> [Exercise details]:
Output must consist only of the lines of the material below from the one with "Peek Pro homepage: More" through the one with "24金ネックレス K24 スクリューチェーン 日本製 純金 検定印 1.7g 42cm", each reproduced exactly; no pictures belong in it.

> [Records provided]:
[Start of Attachment]

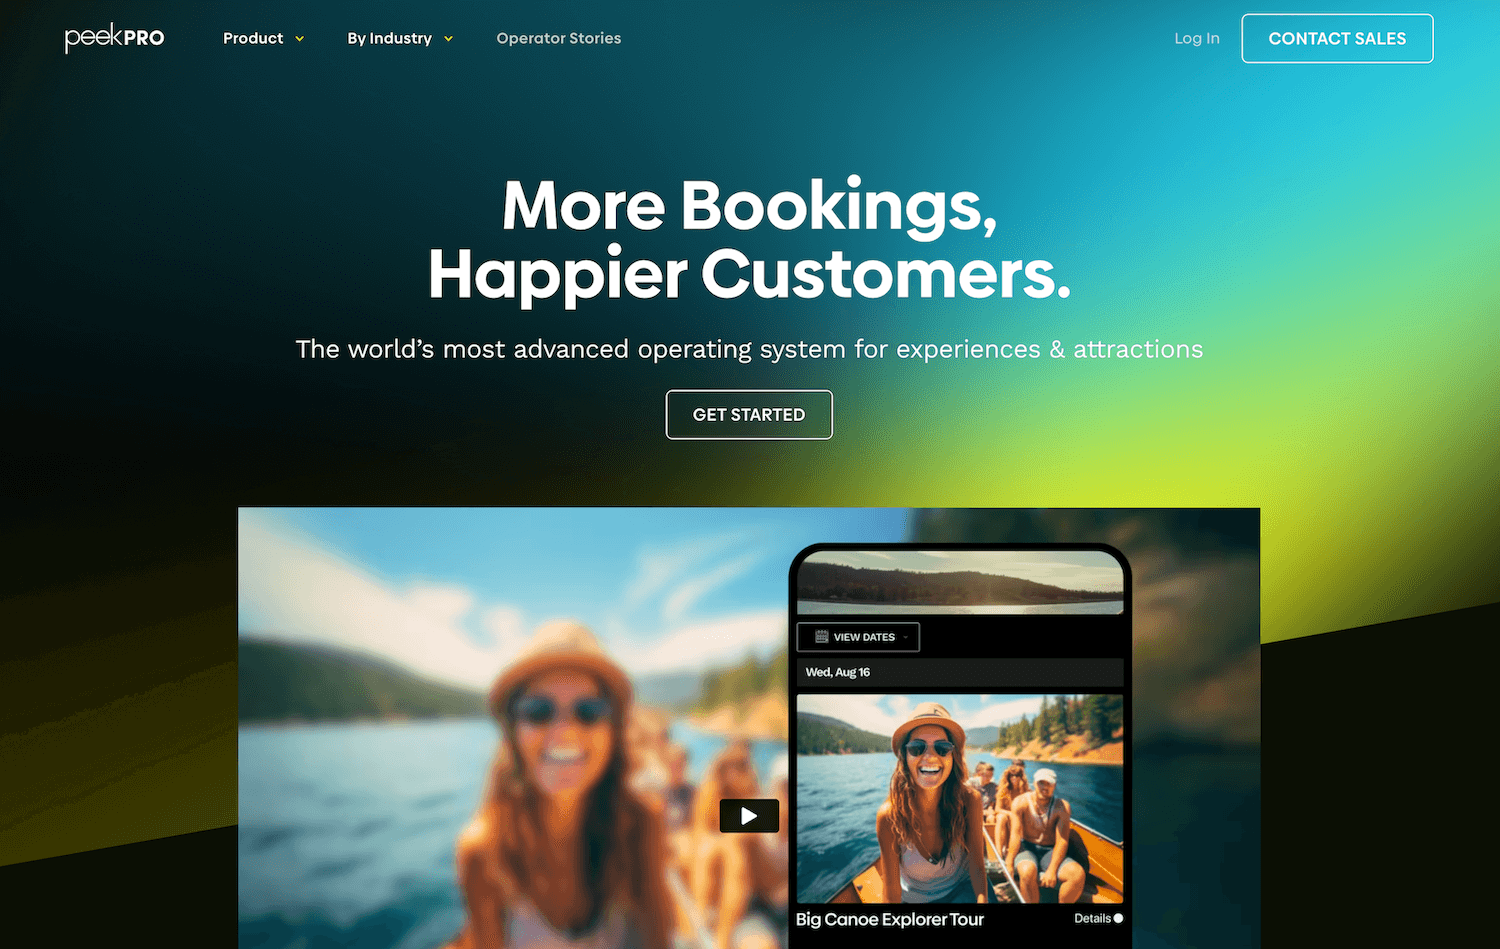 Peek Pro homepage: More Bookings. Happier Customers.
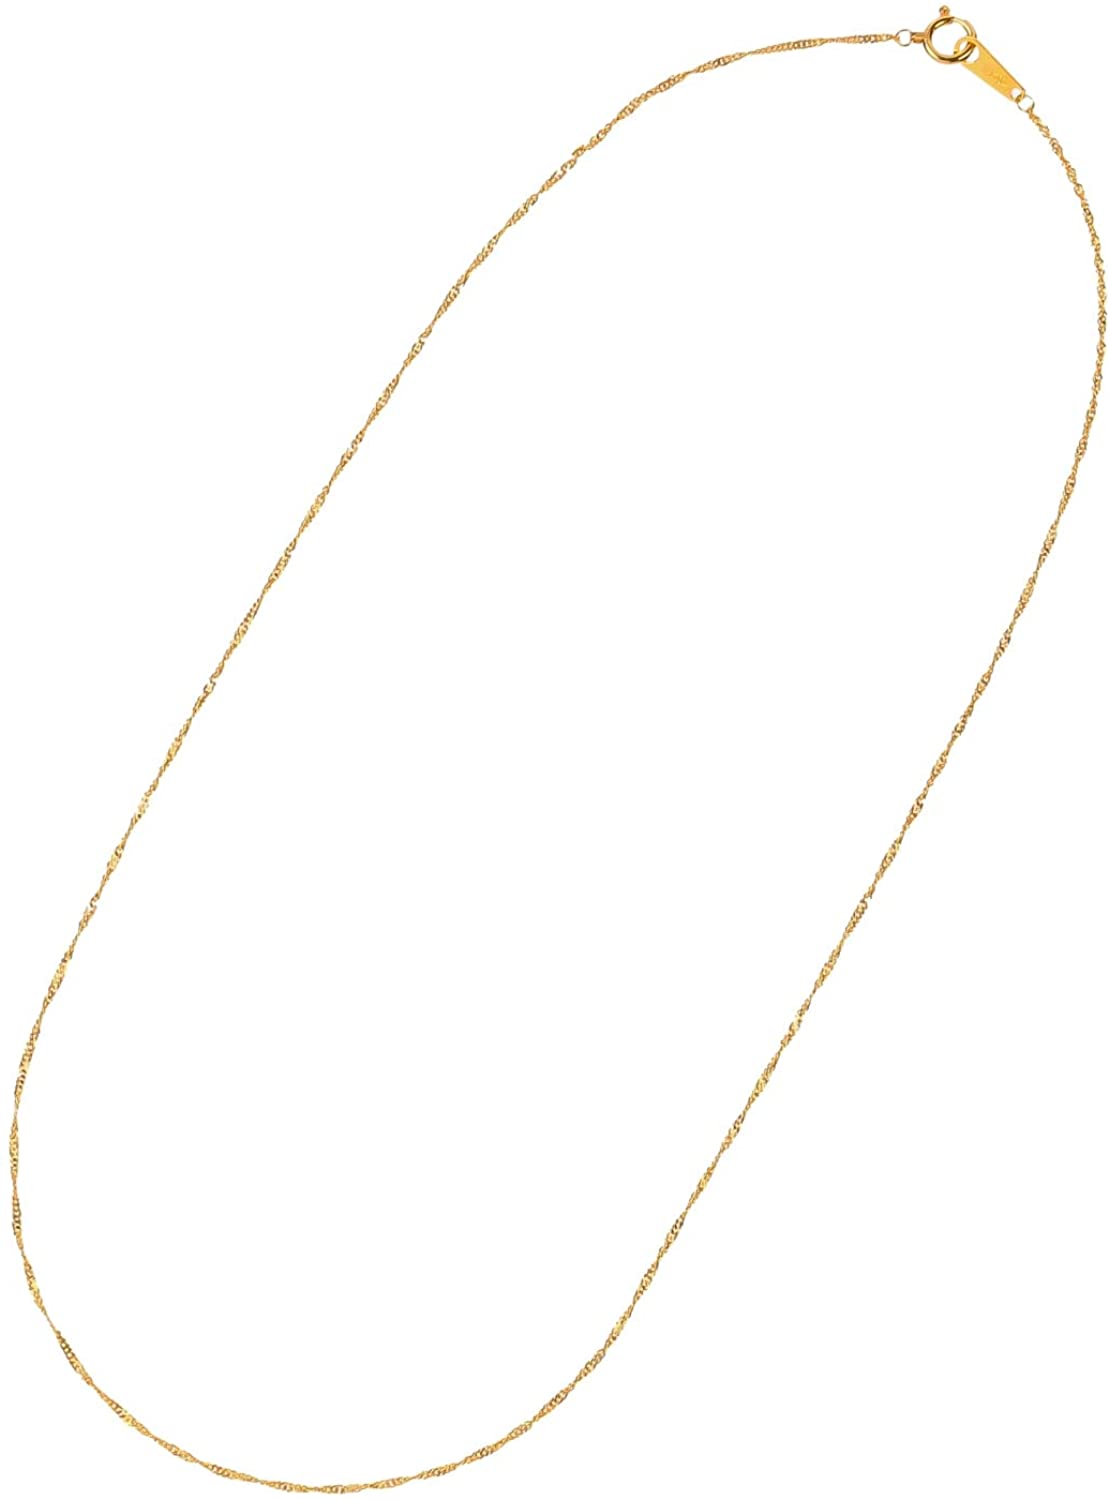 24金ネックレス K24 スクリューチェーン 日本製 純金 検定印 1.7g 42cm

[End of Attachment]
[Start of Attachment]

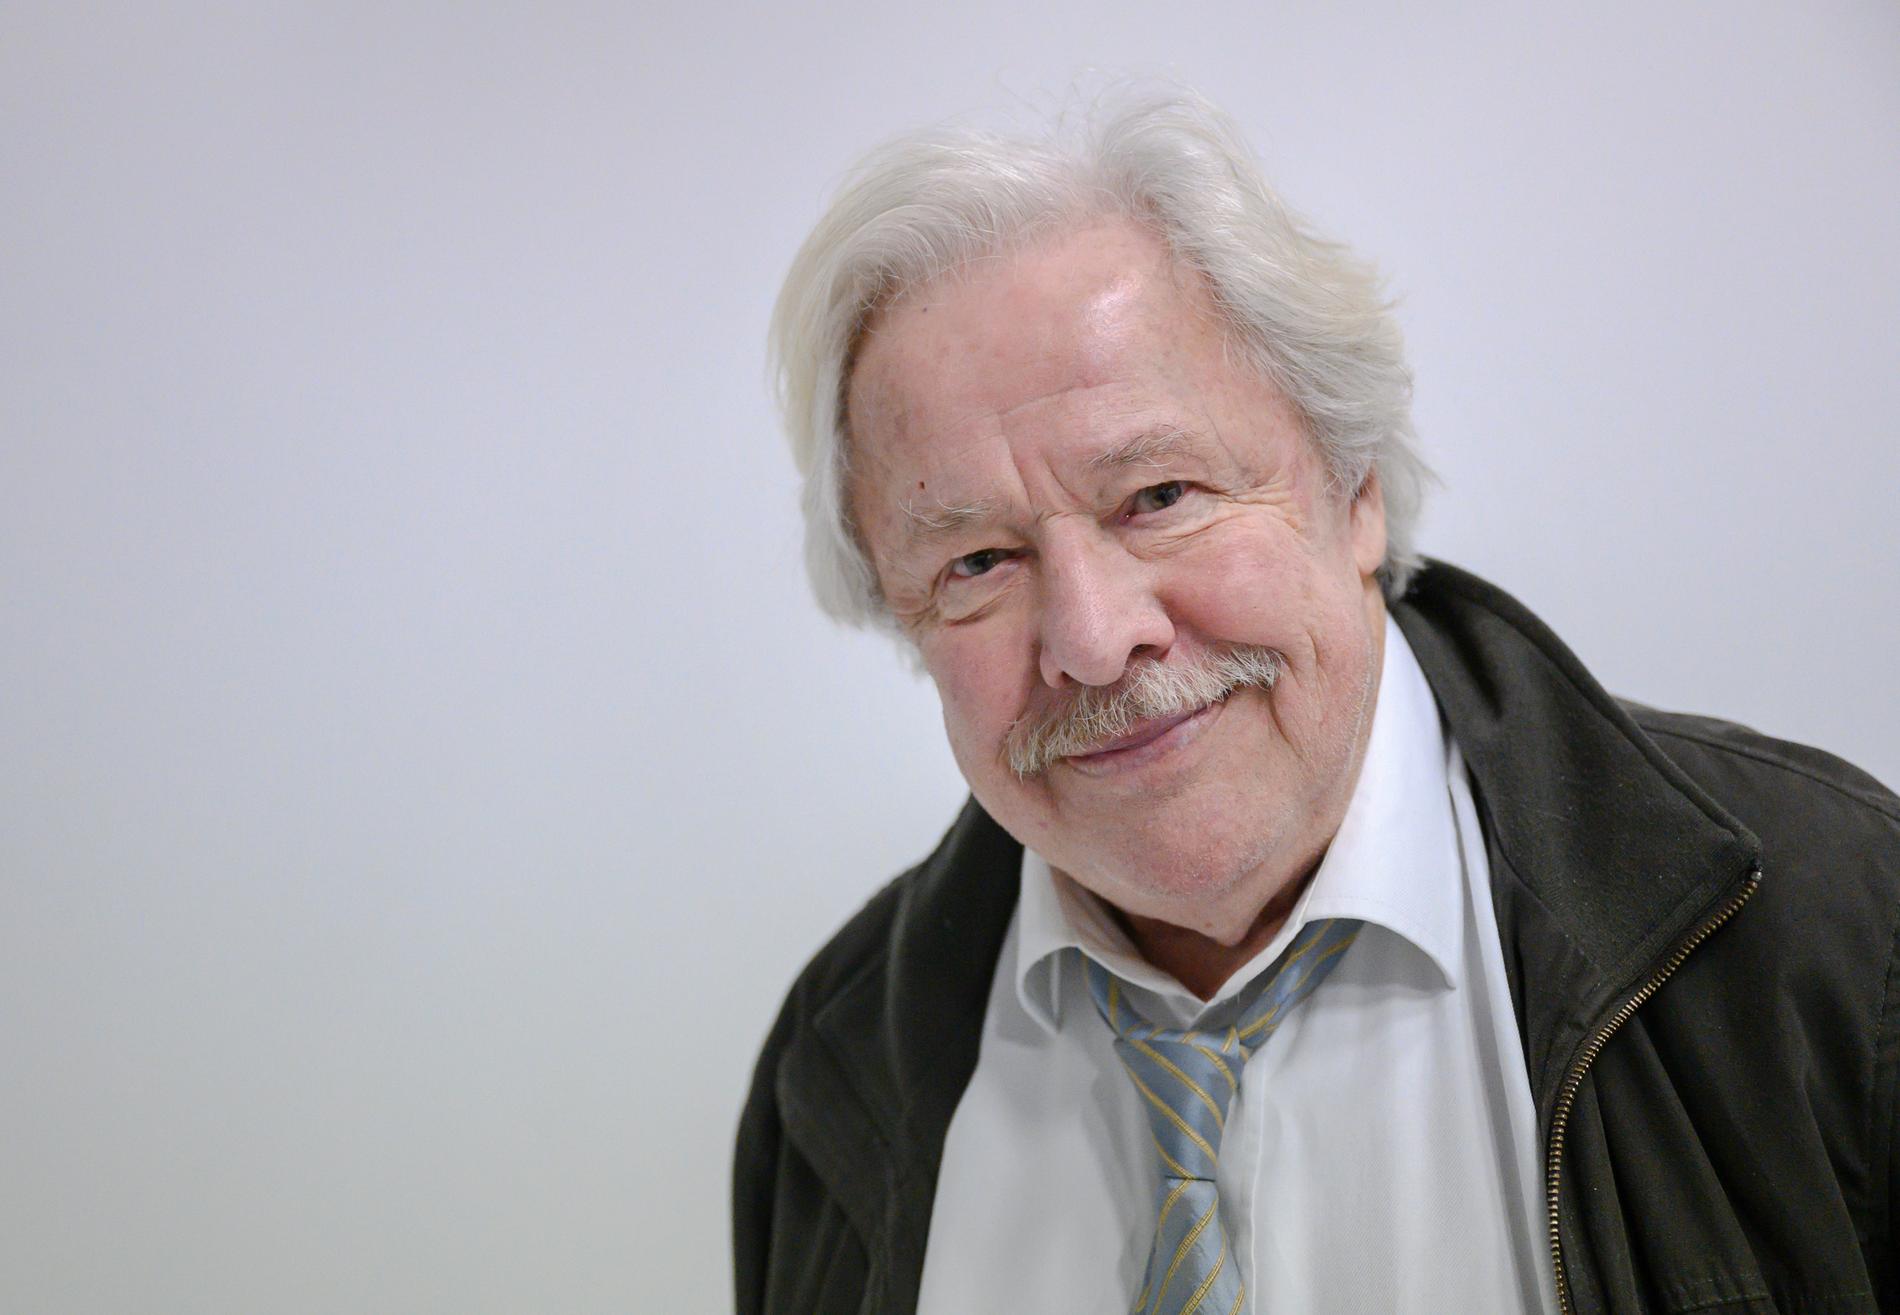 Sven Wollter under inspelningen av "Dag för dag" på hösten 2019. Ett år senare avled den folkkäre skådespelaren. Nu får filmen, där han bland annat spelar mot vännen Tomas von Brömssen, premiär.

[End of Attachment]

> [Reply to the exercise]:
 Peek Pro homepage: More Bookings. Happier Customers.
 24金ネックレス K24 スクリューチェーン 日本製 純金 検定印 1.7g 42cm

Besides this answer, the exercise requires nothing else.